(This story, in slightly different form, originally appeared in ALM's Daily Business Review.)

MIAMI-When Gustaf Arnoldsson began courting potential investors to form a real estate investment fund, he felt like a high school student worried about arriving late to the dance. But the managing member of Miami Beach-based Stonemason Partners discovered in mid-2008 that he was alone on the dance floor. Few investors in South Florida expected the crisis ahead, he says.

"I started seeing the signs everywhere that the market was going to head down," Arnoldsson says. "Most people buying real estate were turning it into a financial play rather than a real estate play. Like the tech bubble early this decade, people were buying based on potential future earnings."

Now Arnoldsson and Stonemason are no longer alone.
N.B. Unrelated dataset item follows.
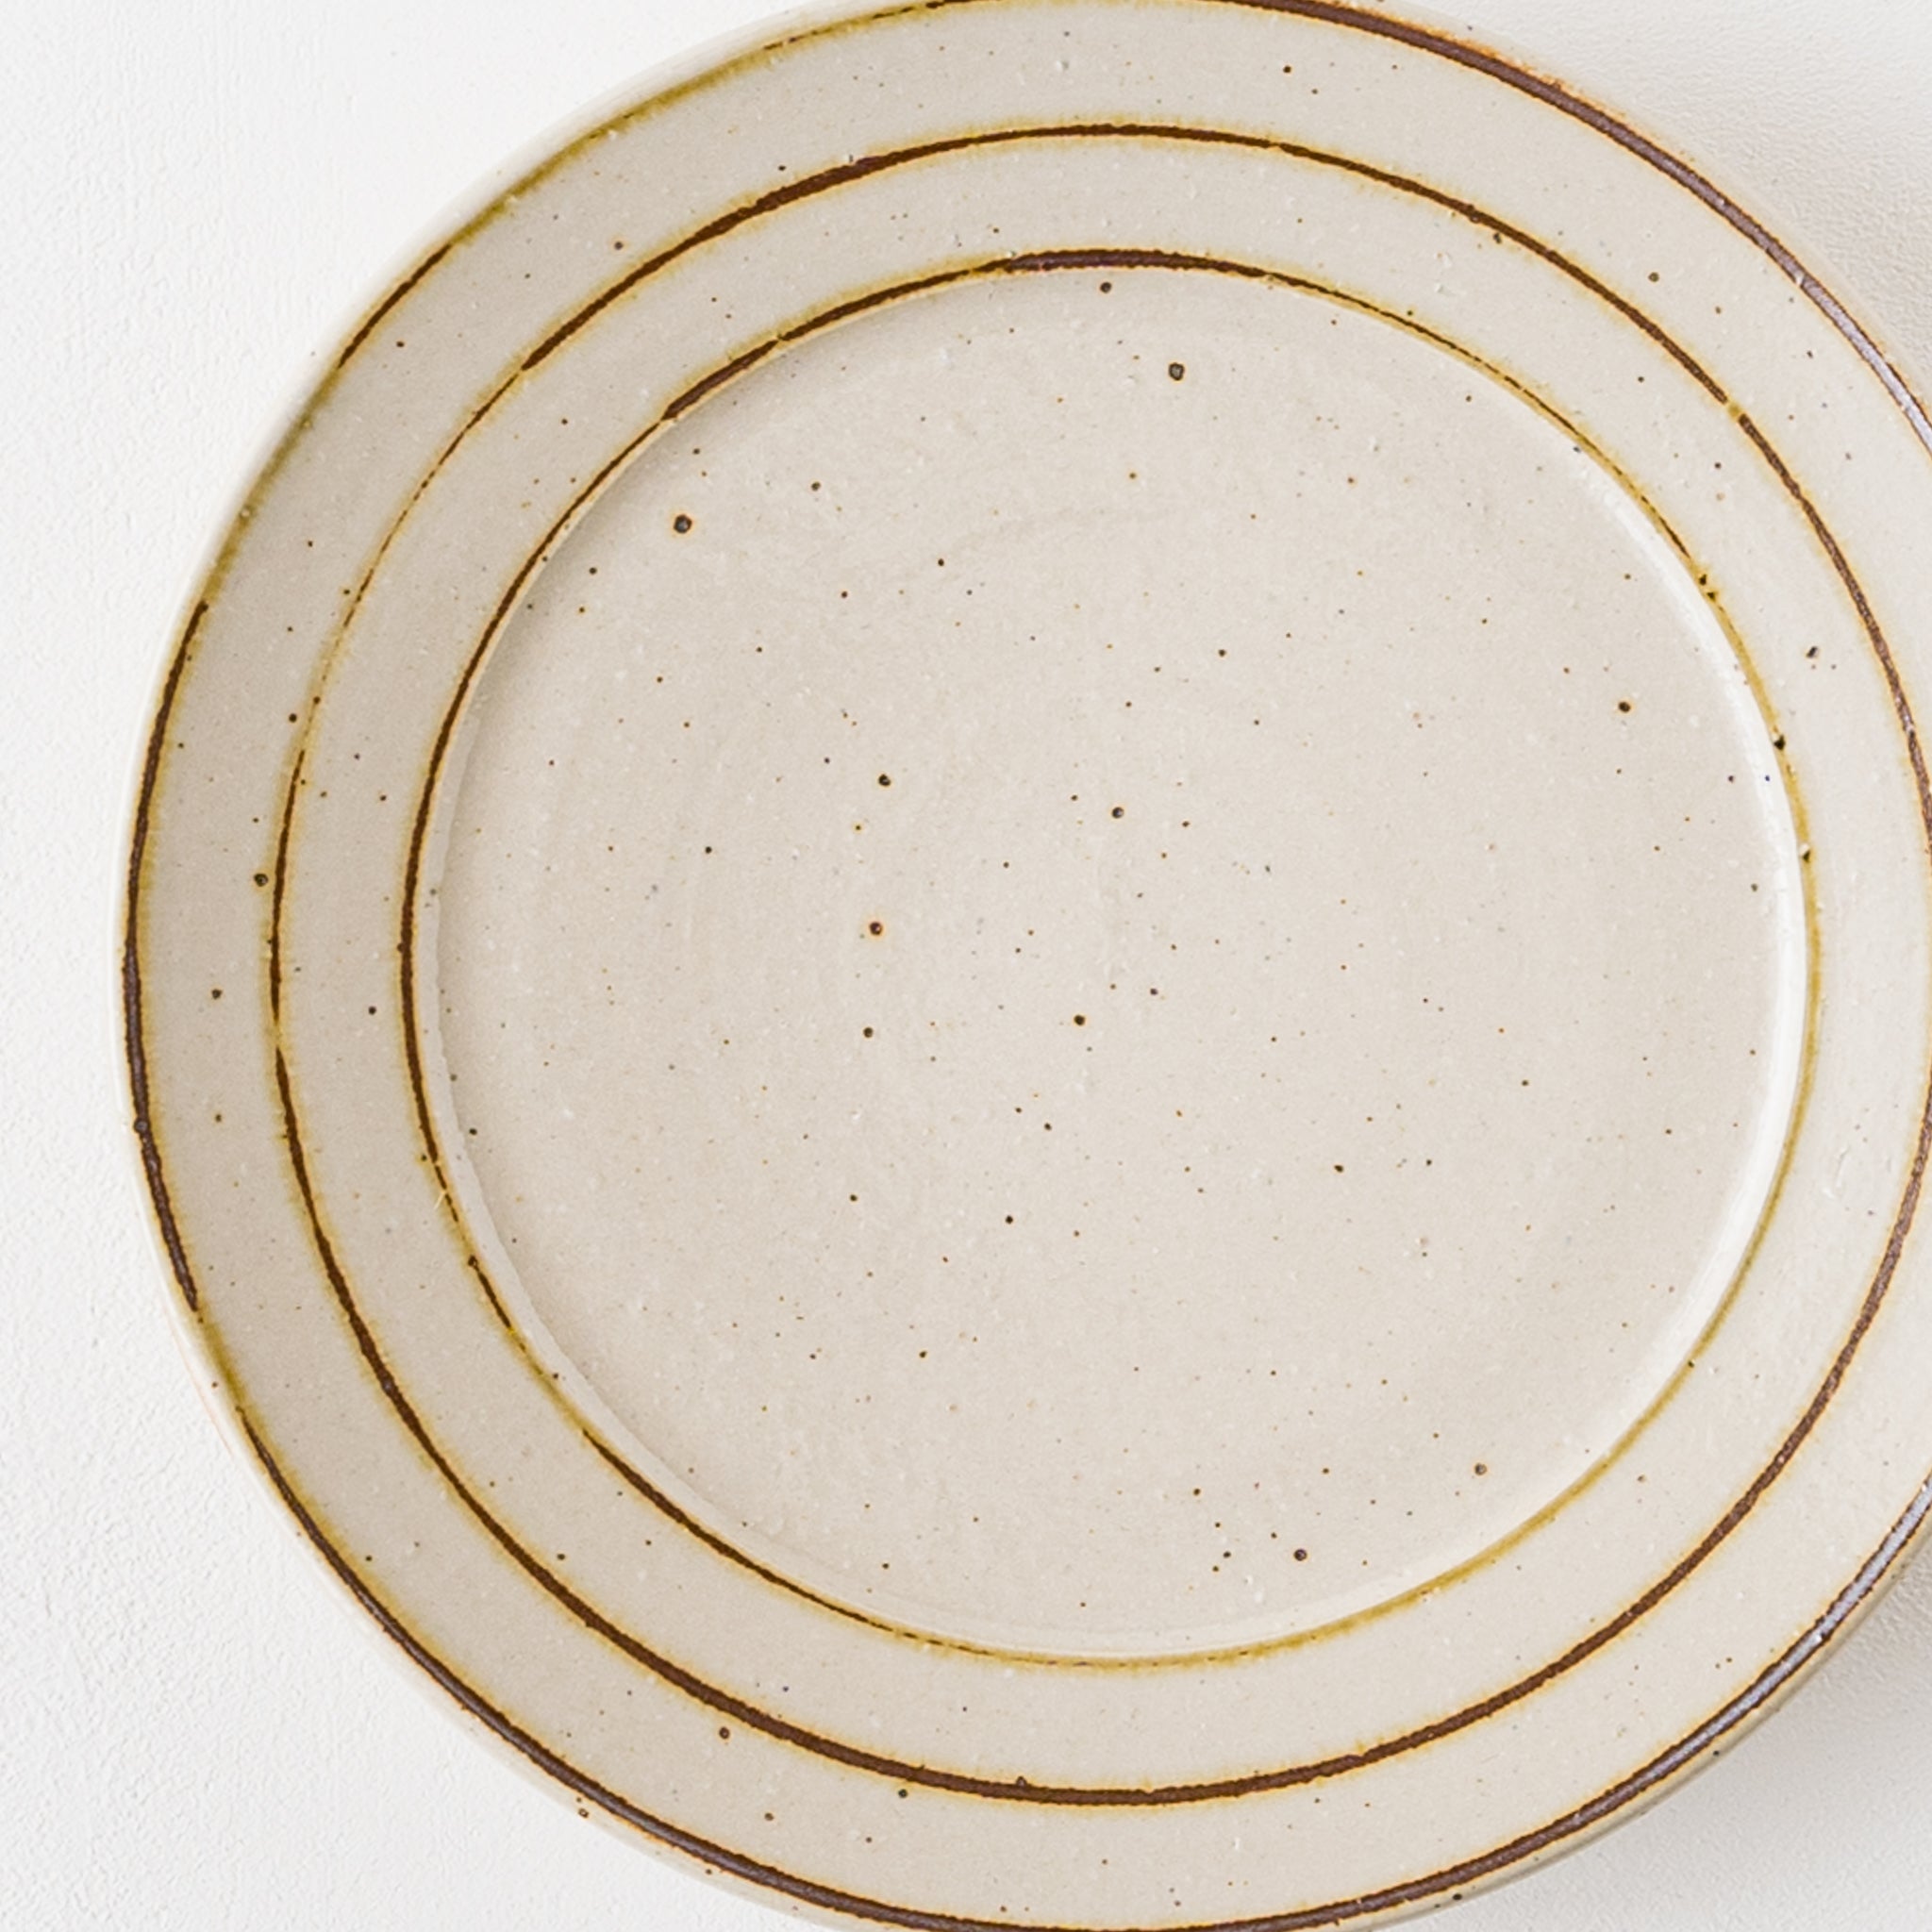 鉄絵の独楽筋がおしゃれで素敵な冨本大輔さんの灰釉鉄絵7寸リム皿
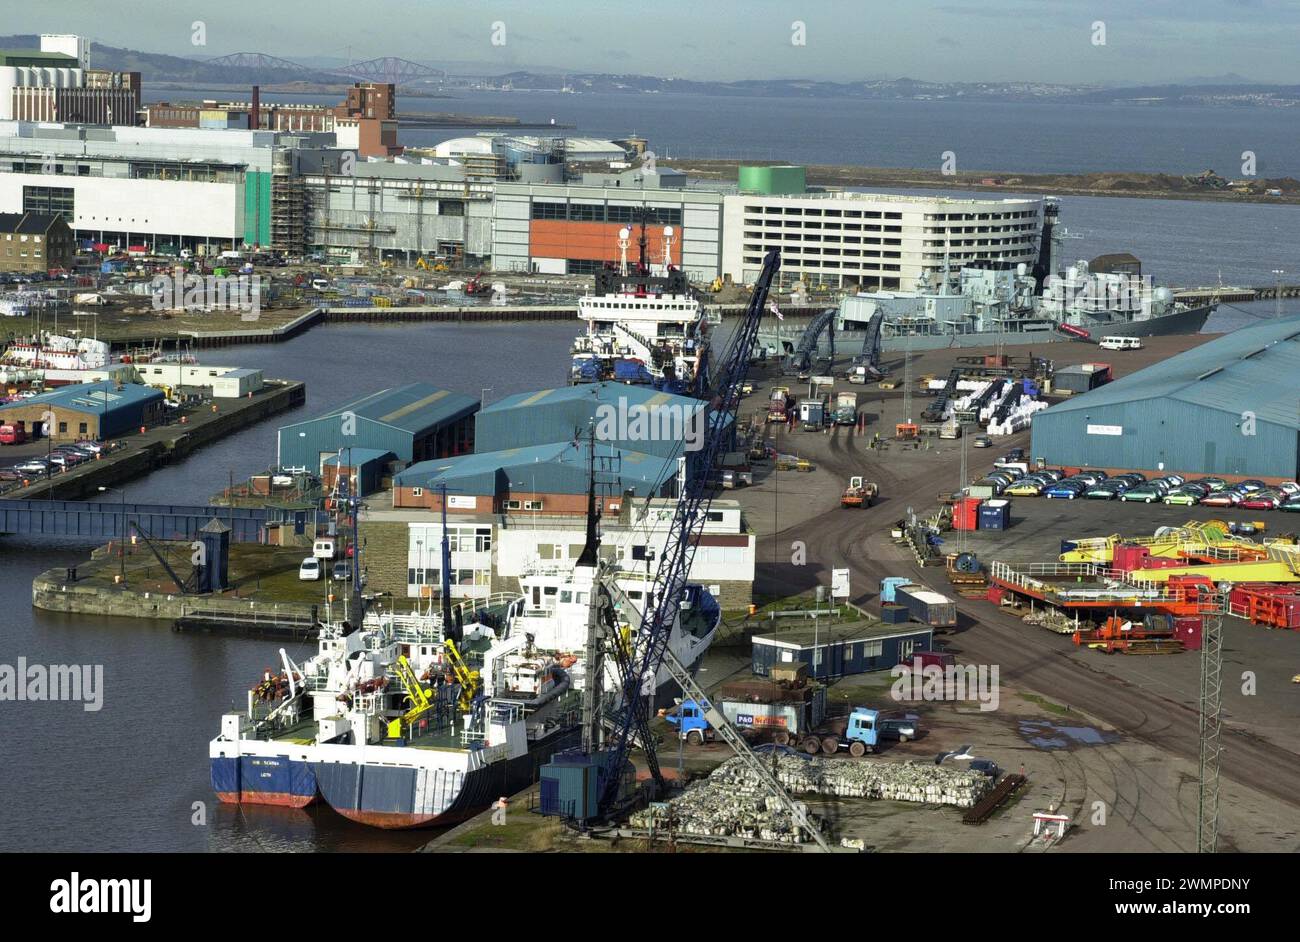 Le port le plus achalandé d'Écosse, le port de Leith, à Édimbourg. Le nouveau terminal de ligne qui est actuellement en construction prend forme TOP tandis que le HMS Edinburgh est amarré à droite et les ponts Forth Road et Rail sont visibles au loin. Banque D'Images

Other moderately sized companies, some formed by longtime players in the region, are raising money to acquire commercial real estate in South Florida.

Stonemason has a $35-million bankroll and a goal of buying $100 million worth of multi-tenant commercial properties in the next five years. Funds like Stonemason's are comprised mostly of high-net-worth private investors instead of large public institutions.

"There are no institutional investors at this point in time," Arnoldsson says. Stonemason reached out to investors from Florida, New York and northern California.

For now, acquisitions remain difficult to complete, Arnoldsson says. Since launching the fund, Stonemason's only purchase has been a seven-unit apartment complex in North Bay Village for $823,000.

"Today, people are trickling into the party, but it still has not gotten started," he says. "The deals being presented to me are not worth buying at any price."

Like Stonemason, veteran South Florida investment company Foxcode Real Estate is raising money to take advantage of significant property discounts. Miami-based Foxcode announced earlier this month the launch of a fund that plans to raise $50 million to invest in Florida and other East Coast markets.

One investor, Dizengoff Trading Group, has arrived all the way from Israel. Dizengoff, a real estate development and commodities firm, chose South Florida for its first US branch because of the abundant opportunities, said Ronen Saban, regional manager in Dizengoff's new Boca Raton office.

"We have been learning this market since 2005," Saban says. "No one knows exactly when this market will turn around, but from a long-term investment perspective, this is a perfectly good time to buy."

Dizengoff has made two purchases in the region since July. The company bought the fully leased Shoppes at Monarch Lakes in Miramar for $8.3 million. It also acquired the fractured condominium project Portofino in Jensen Beach, which is being operated as a 118-unit rental complex, for nearly $6.8 million.

More than $130 billion of commercial mortgages are in default, foreclosure or bankruptcy nationwide, according to Real Capital Analytics. The investment market has opened up for smaller funds because large vulture funds are struggling to complete deals.

Despite the abundance of distressed properties, major vulture funds are finding resistance from banks that are working out deals with many borrowers instead of foreclosing. A $5-billion vulture fund formed in August by the Canadian company Brookfield, which planned to invest heavily in the US, has yet to make a purchase, according to the Wall Street Journal.

While there has been a flurry of note sales recently, many banks are not willing to take a major haircut by selling off notes for South Florida properties at discount rates, Arnoldsson says. "Nobody in the lending world is ready to take the hit yet," he says. "They are just looking to kick the rock down the street. Banks are not moving anything and the inventory is building up on the books."